We knew our login system had to be smarter, safer, but also flexible. We knew we needed to rethink a lot of our auxiliary entry points (like quarantine reports) as well as our main entry points to work together in tandem, instead of hard cutovers or independent, one off operations. For example, we needed to continue to allow the legacy password hashing style to be accepted during login, but in-line upgraded to our new hashing algorithm. There were a lot of technical difficulties to overcome as each product maintained its own login page (which many users would save in their browser credential store) and in some instances, had additional security features that do not exist in other products (such as IP restrictions and 2FA in admin, but not encryption or Webshare).
Even more complicated than individual service login logic, some services maintained a list of users who are external entities to the end user’s organization (think Webshare or encryption recipients), and in most cases, these external recipients aren’t in the ExchangeDefender eco system.
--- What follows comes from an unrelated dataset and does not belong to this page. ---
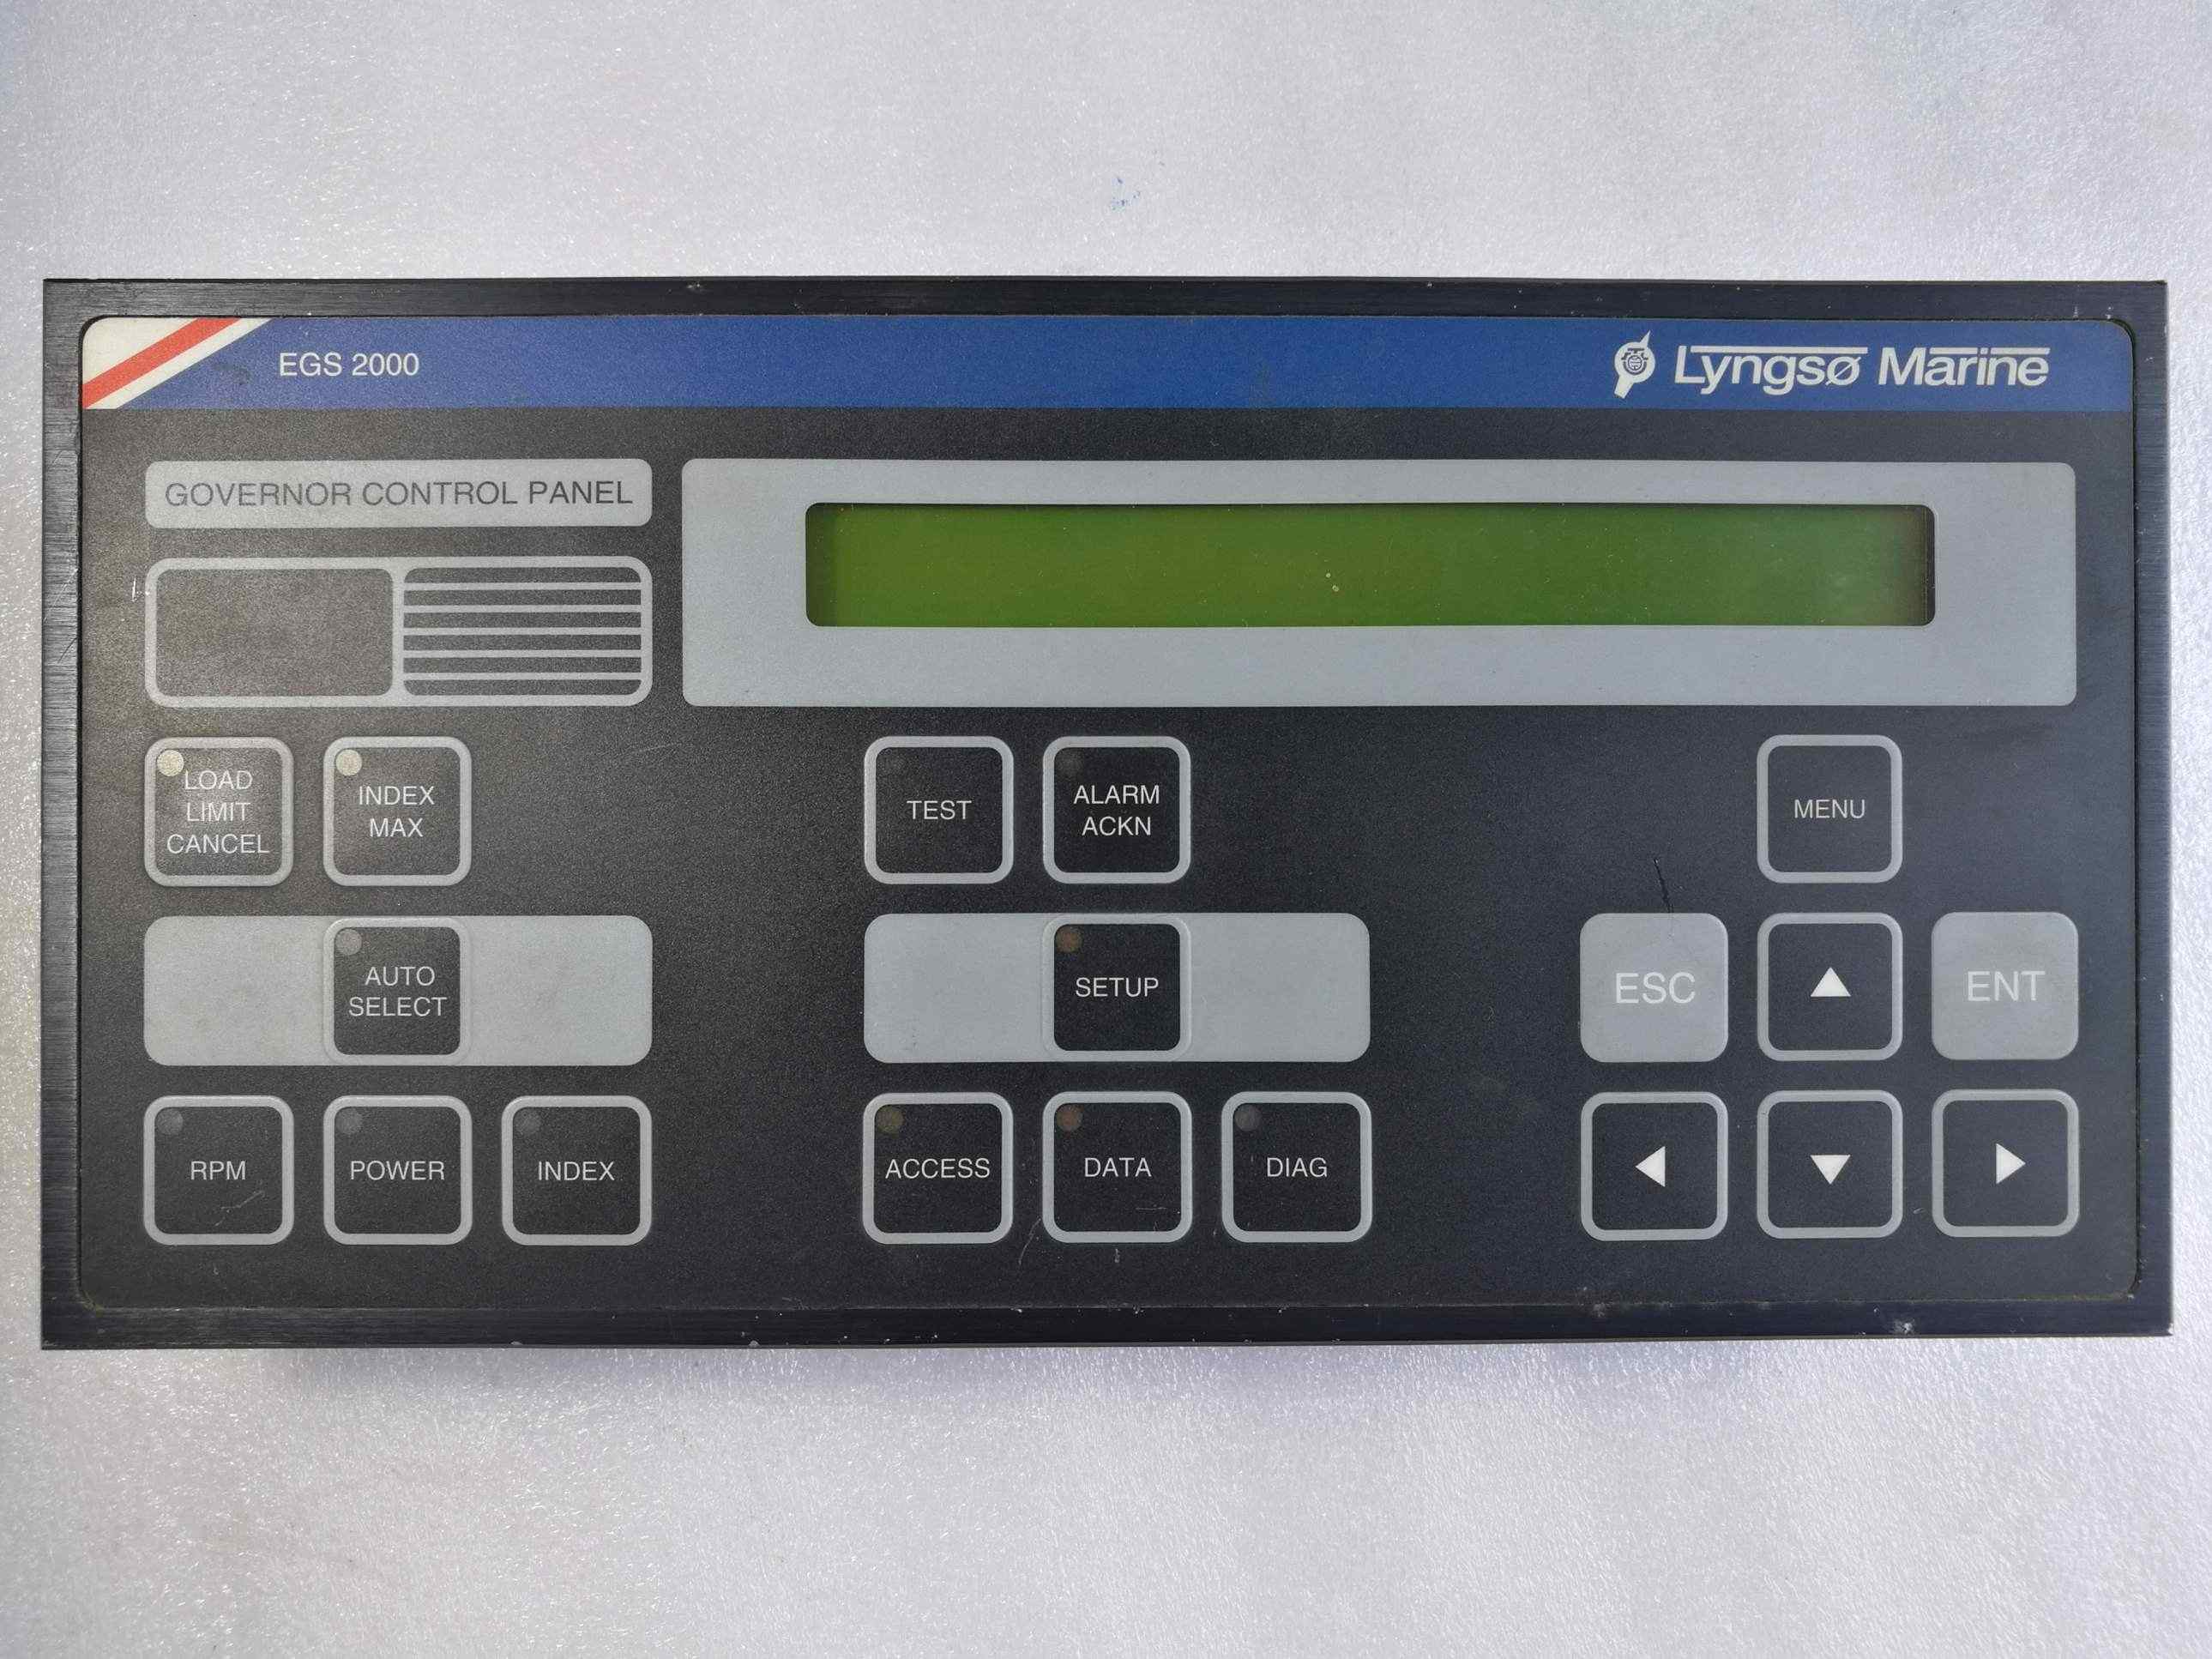 Lyngso Marine EGS 2000 Governor Control Panel

Ultimately, we decided to allow ExchangeDefender users to continue using each service’s independent login screens for a few weeks before disabling the legacy functionality and hinting to users to click the OAUTH login button “Login with ExchangeDefender” (or even “Login with Google” or “Login with Microsoft” more details below).
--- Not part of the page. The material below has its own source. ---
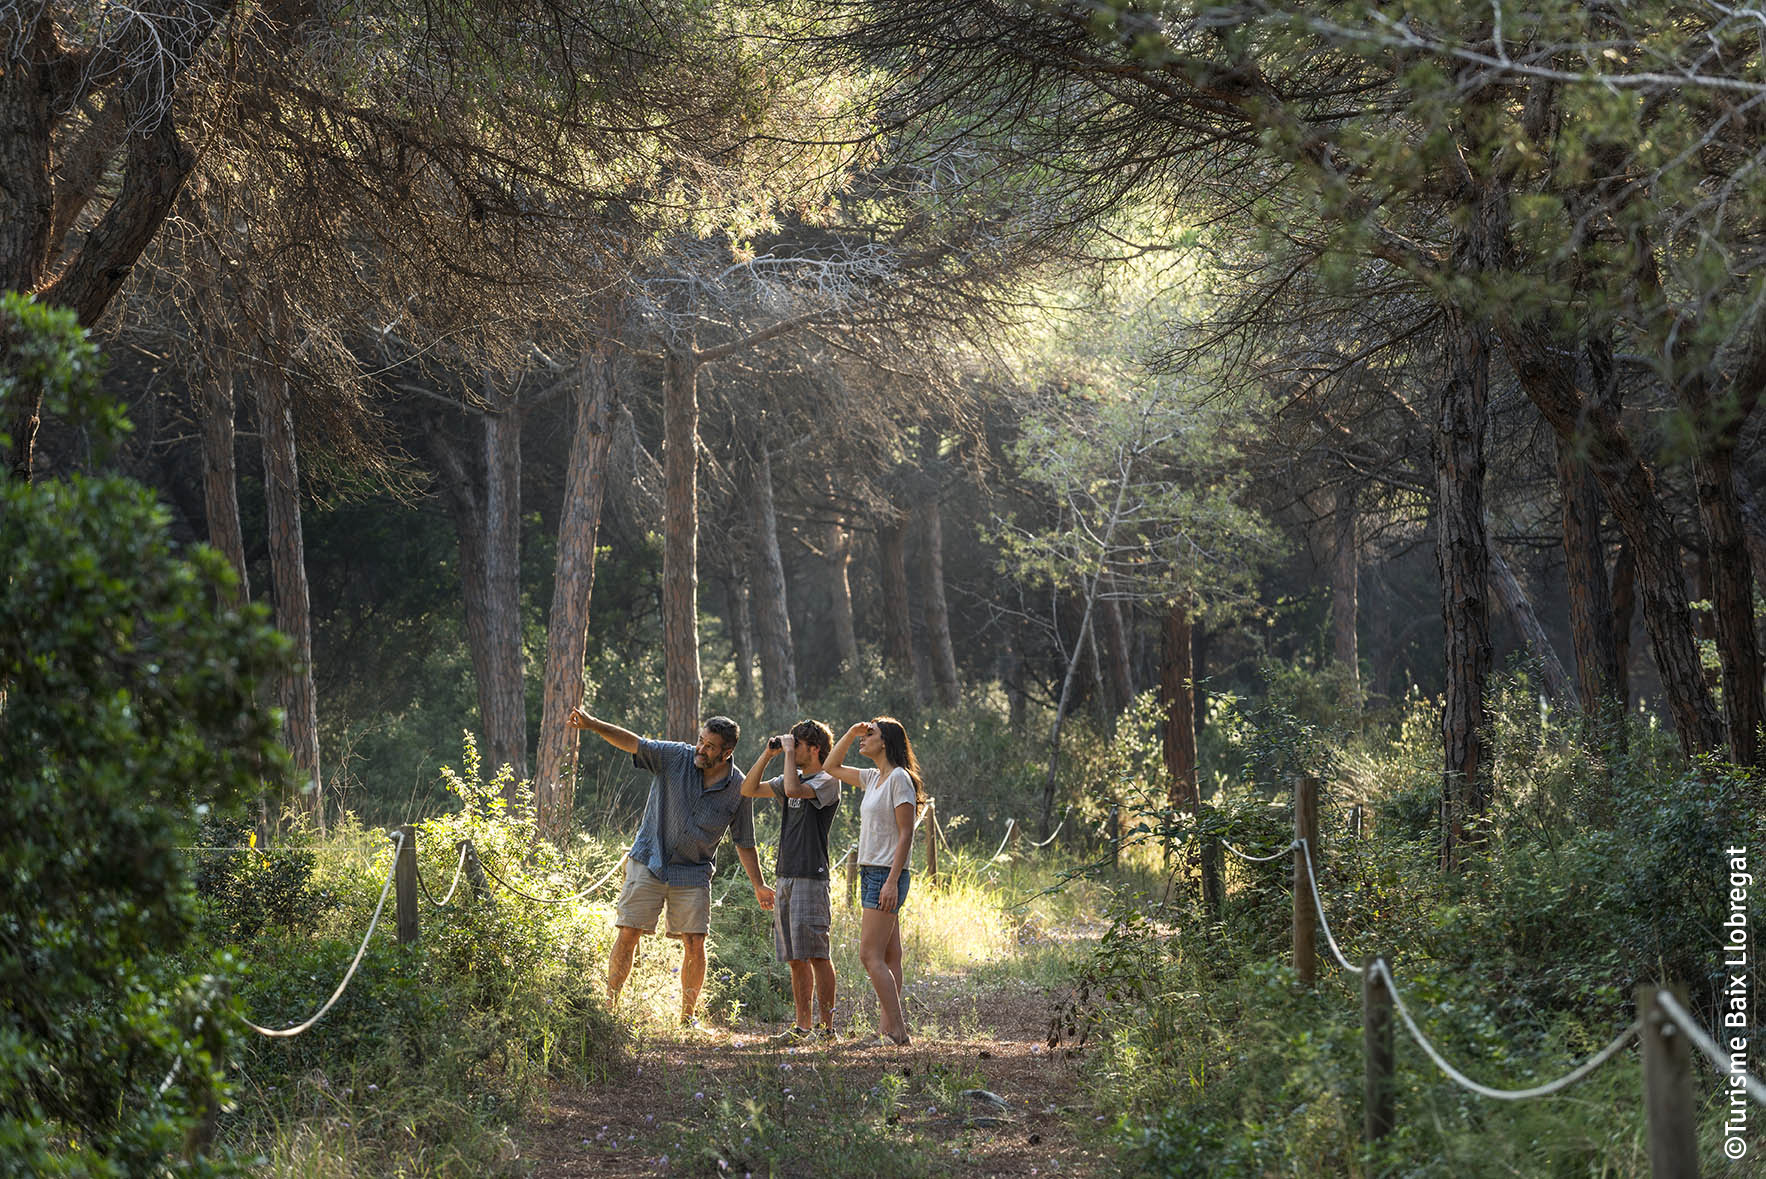 The Can Camins pine forest, one of the best preserved forest areas along the Catalan coastline.

Originally, our plan involved redirecting all users to the new login server, which unfortunately would be the Achilles heal of those users who relied on their browser credential store. Ultimately, we landed on a hybrid approach, using the flexibility of using different OAUTH grant styles depending on the application.
The Deployment Timeline
Feb 19th: Activate the new login system for Encryption and Webshare
Feb 21st: Activate the new login system for Admin
Feb 26th: Activate the new centralized navigation headers
Feb 27th: Activate “Login with ExchangeDefender/Google/Microsoft” button to Admin, Encryption and Webshare. Add warning notification to users about the incoming login changes.
Mar 6th: Disable legacy password grant from services, enforce “Login with ExchangeDefender” when a user attempts to login with a username and password on each services page.
Throughout the remaining quarters of 2021, we will continue to integrate the rest of our services into the new login system, including support.ExchangeDefender.com, Compliance Archive, LiveArchive. Time permitted, we also plan on releasing a few tools to improve end user experience such as our Outlook/OWA plugin, built from the ground up to manage quarantine and user whitelists.
New Features to Expect
1 – Integration with Google and Microsoft OAUTH: Users are now able to utilize Google and/or Microsoft as their login provider. Authenticated users will now see buttons to link their Google or Microsoft identity to their ExchangeDefender account. Once linked, users can utilize the “Login with Google” or “Login with Microsoft” buttons instead of inputting their ExchangeDefender credentials to login.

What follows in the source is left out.